The SQLite.jl package also allows the user to use macros and registers for manipulating and using data. However, the concepts are beyond the scope of this chapter.

So, these are some of the ways through which data can be handled in Julia. There are a lot of databases whose connectors directly connect to DBI, such as SQlite, MySQL, and so on, and through which queries and their execution can be carried out, as shown in the PostgreSQL section. Similarly, data can be scraped from the Internet and used for analytics, which can be achieved through a combination of Julia libraries, but that is beyond the scope of this book.

There's more...

MySQL

The following resource helps you learn more about its advanced features and provides information about the MySQL.jl library of Julia. This includes performance benchmarks and details, as well as information on CRUD and testing:

https://github.com/JuliaDB/MySQL.jl

PostgreSQL

Visit https://github.com/JuliaDB/DBI.jl to understand better the DBI we use to connect local PostgreSQL databases:

Visit https://github.com/JuliaDB/DBI.jl for extended and in-depth documentation on the PostgreSQL.jl library, which includes dealing with Amazon web services, and so on.

SQLite

Now, as you have learned the ways in which data can be extracted, manipulated, and worked on from various external sources, there are some more interesting things that the database drivers of Julia can do apart from just executing queries. You can find those at https://github.com/JuliaDB/SQLite.jl/blob/master/OLD_README.md#custom-scalar-functions .

Interacting with the Web


In this section, you will learn how to interact with the Web through HTTP requests, both for getting data and posting data to the Web. You will learn about sending and getting requests to and from websites and also analyzing those responses.

Getting ready

Start by downloading and installing the Requests.jl package of Julia, which is available at Pkg.add("Requests").

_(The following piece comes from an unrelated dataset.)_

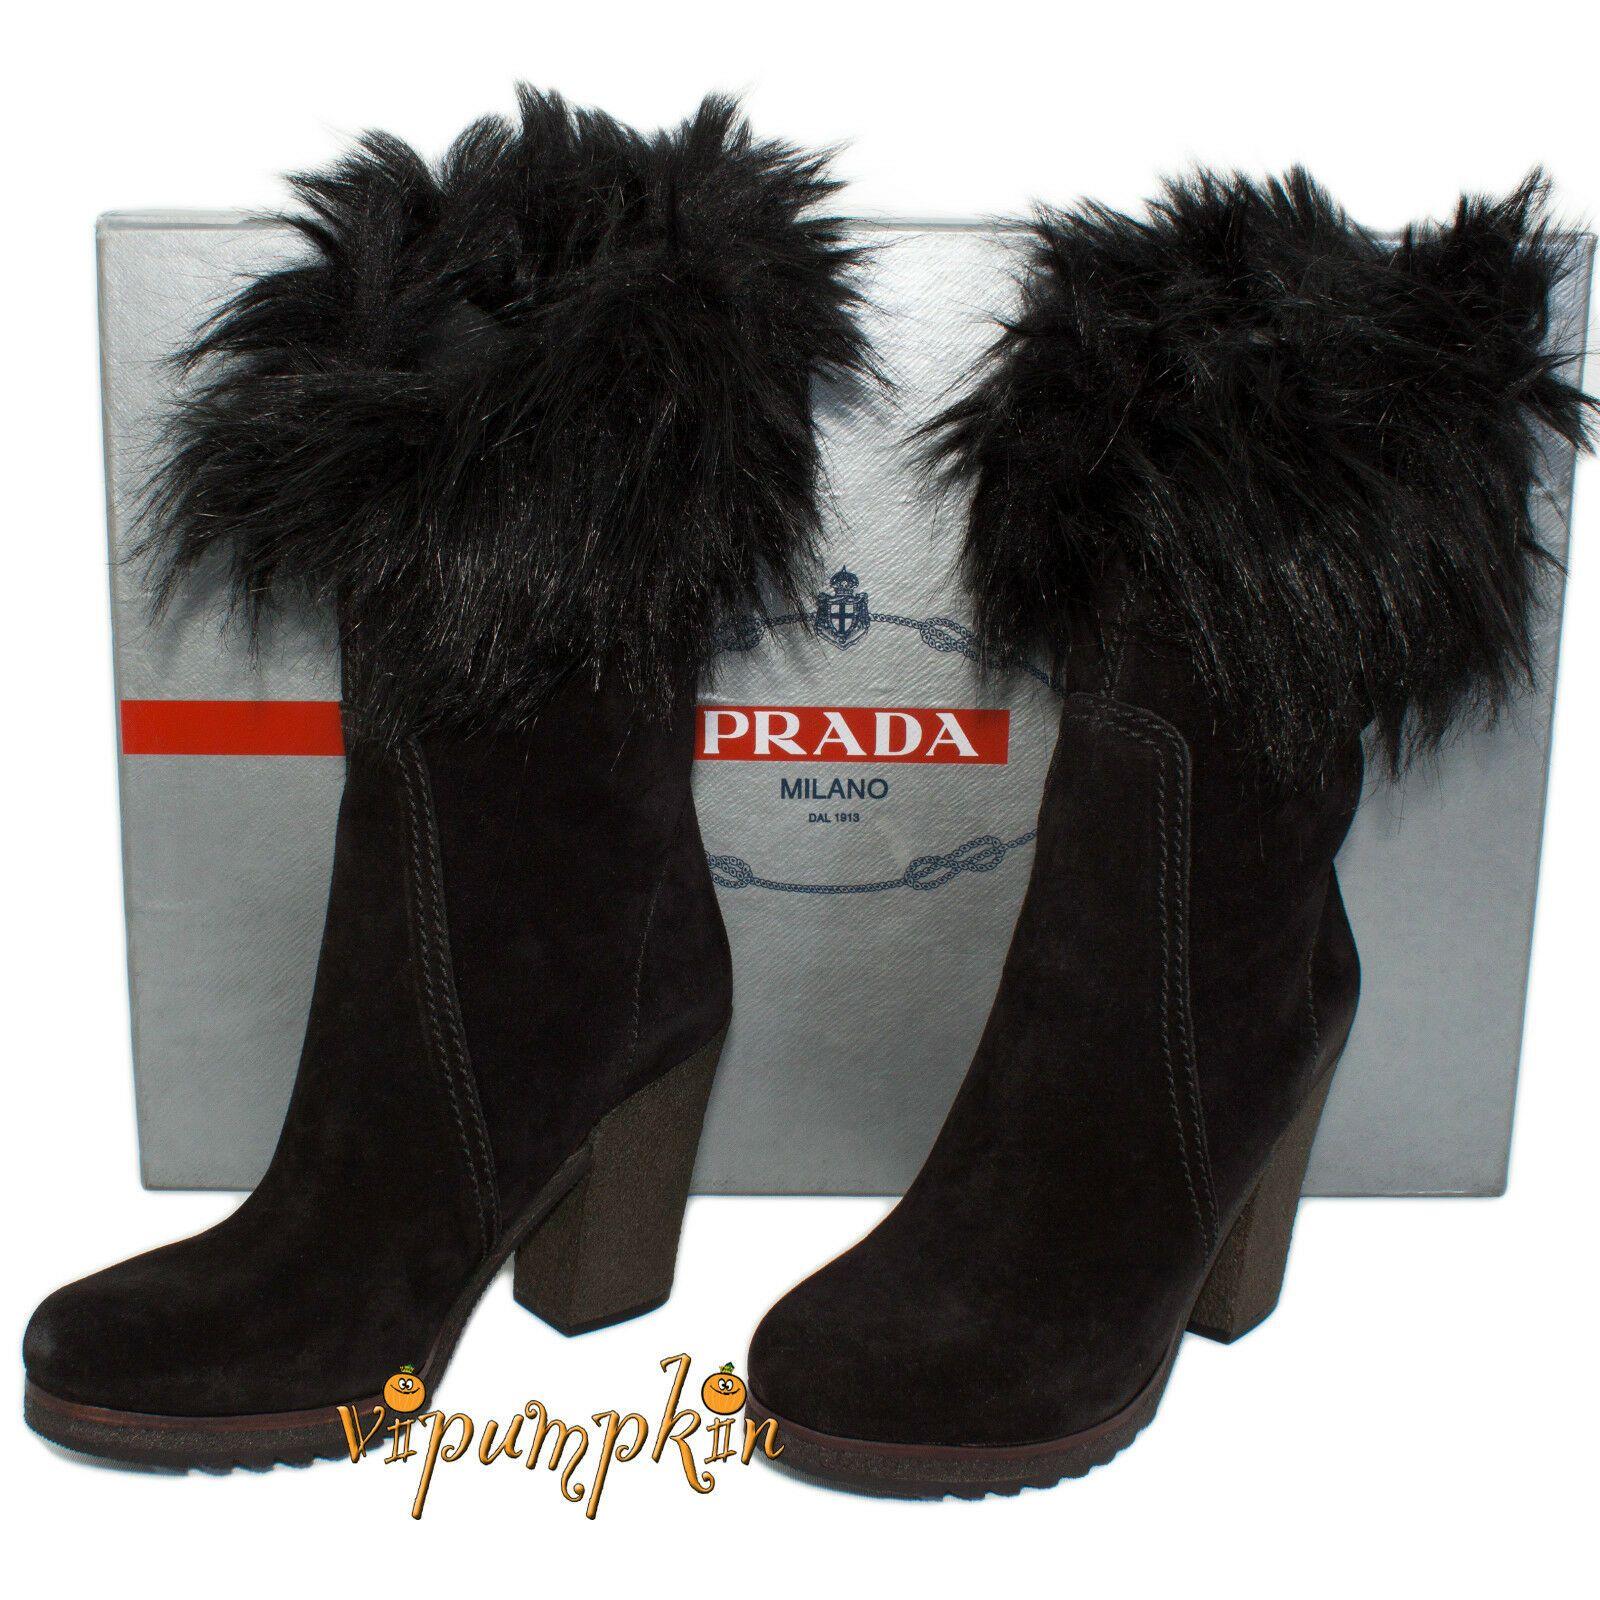 Prada Suede Fur Cuff Mid Calf Boot Deserto: PRADA BLACK NERO SUEDE MID CALF FAUX FUR CUFF BOOTS

Make sure that you have an active Internet connection while reading and using the code in the recipe, as it deals with interacting with live websites on the Web. You can experiment with this recipe on the website http://httpbin.org , as it is designed especially for such experiments and tutorials.

This is how you use the Requests.jl package and import the required modules:

  1. Start by importing the package:

    Pkg.add("Requests")
    
  2. Next, import the necessary modules from the package for quick use. The modules that will be used in this recipe are getpostput, and delete. So, this is how to import the modules:

    import Requests: get, post
    

How to do it...

Here, you will learn how to interact with the Web through the HTTP protocol and requests. You will also learn how to send and receive data, and autofill forms on the Internet, through HTTP requests.

GET request

  1. The GET request is used to request data from a specified web resource. So, this is how we send the GET request to a website:

    get("url of the website")
    
  2. To get requests from a specific web page inside the website, the query parameter of the GET command can be used to specify the web page. This is how you do it:

    get("url of the website"; query = Dict("title" => 
            "page number/page name"))
    
  3. Timeouts can also be set for the GET requests. This would be useful for identifying unresponsive websites/web pages. The timeout parameter in the GET request takes a particular numeric value to be set as the timeout threshold; above this, if the server does not return any data, a timeout request will be thrown. This is how you set it:

    get("url of the website"; timeout = 0.5)
    
    • Here, 0.5 means 50 ms.

  4. Some websites redirect users to different web pages or sometimes to different websites. So, to avoid getting your request repeatedly redirected, you can set the max_redirects and allow_redirects parameters in the GET request. This is how they can be set:

    get("url of the website"; max_redirects = 4)
    
  5. Now, to set the allow_redirects parameter preventing the site from redirecting your GET requests:

    get("url of the website"; allow_redirects = false)
    
    • This would not allow the website to redirect your GET request. If a redirect is triggered, it throws an error.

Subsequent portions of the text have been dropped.